In 1325, the great Arab traveler Ibn Battutah set out from his native Tangier in North Africa on pilgrimage to Mecca. By the time he returned nearly thirty years later, he had seen most of the known world, covering three times the distance allegedly traveled by the great Venetian explorer Marco Polo—some 75,000 miles in all.

Captivated by Ibn Battutah’s account of his journey, the Arabic scholar and award-winning travel writer Tim Mackintosh-Smith set out to follow in the peripatetic Moroccan’s footsteps. Traversing Egyptian deserts and remote islands in the Arabian Sea, visiting castles in Syria and innumerable souks in medieval Islam’s great cities, Mackintosh-Smith sought clues to Ibn Battutah’s life and times, encountering the ghost of “IB” in everything from place names (in Tangier alone, a hotel, street, airport, and ferry bear IB’s name), to dietary staples to an Arabic online dating service— and introducing us to a world of unimaginable wonders.

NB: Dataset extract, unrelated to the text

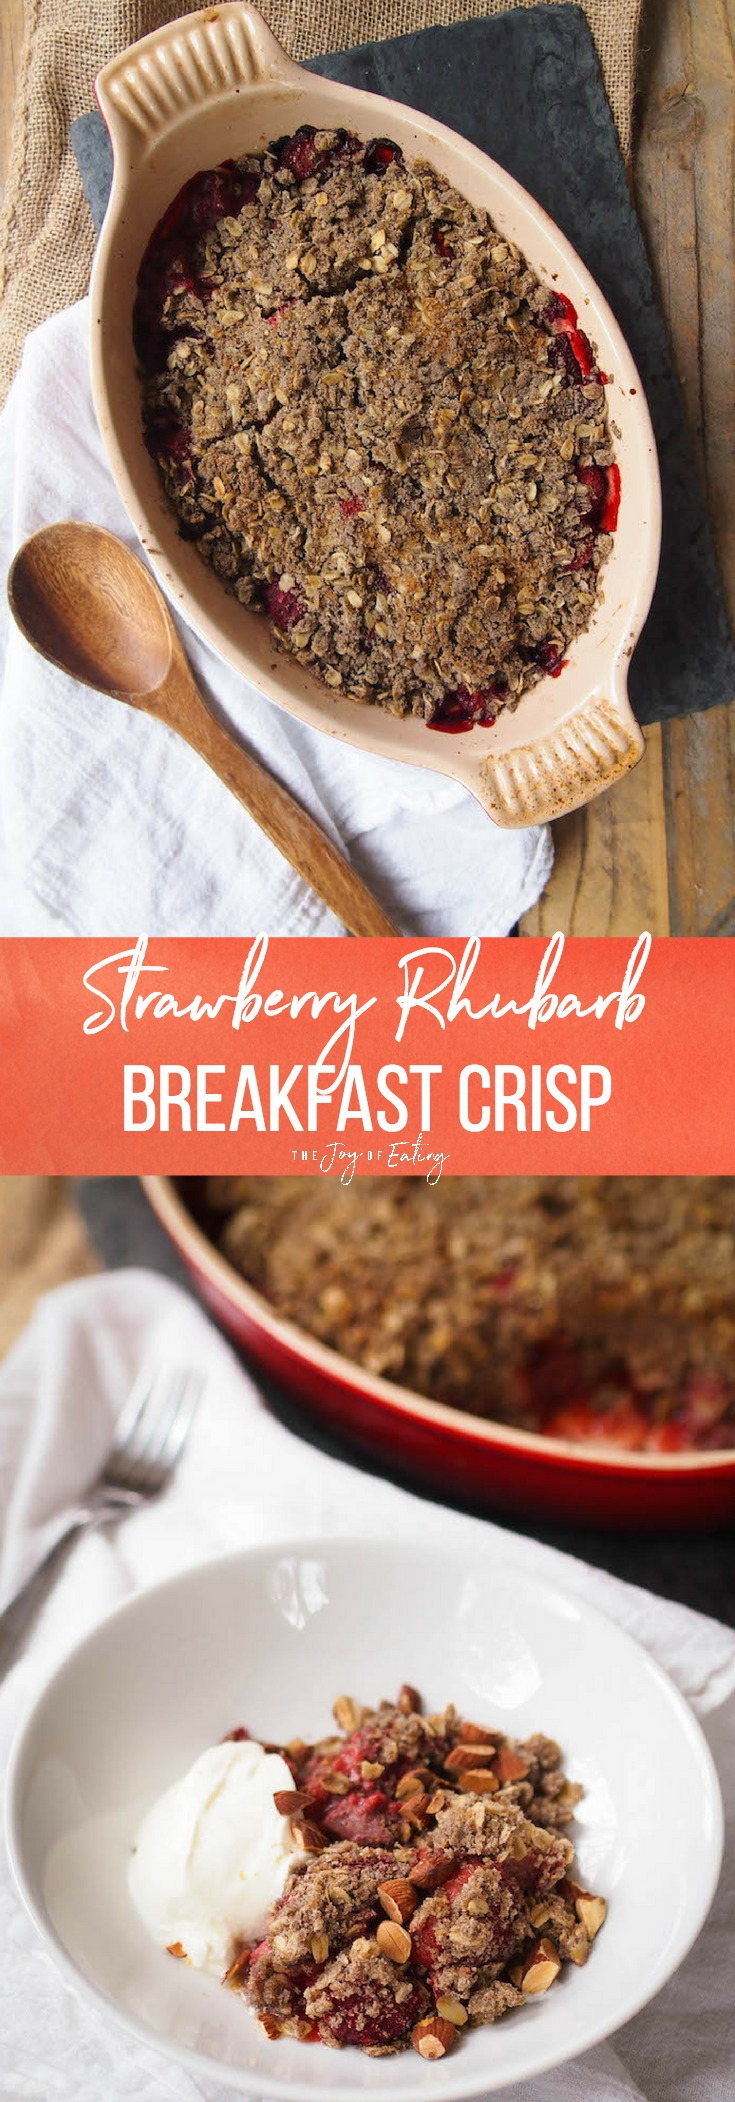 Strawberry Rhubarb Breakfast Crisp

By necessity, Mackintosh-Smith’s journey may have cut some corners (“I only wish I had the odd thirty years to spare, and Ibn Battutah’s enviable knack of extracting large amounts of cash, robes and slaves from compliant rulers.”) But in this wry, evocative, and uniquely engaging travelogue, he spares no effort in giving readers an unforgettable glimpse into both the present-day and fourteenth-century Islamic worlds.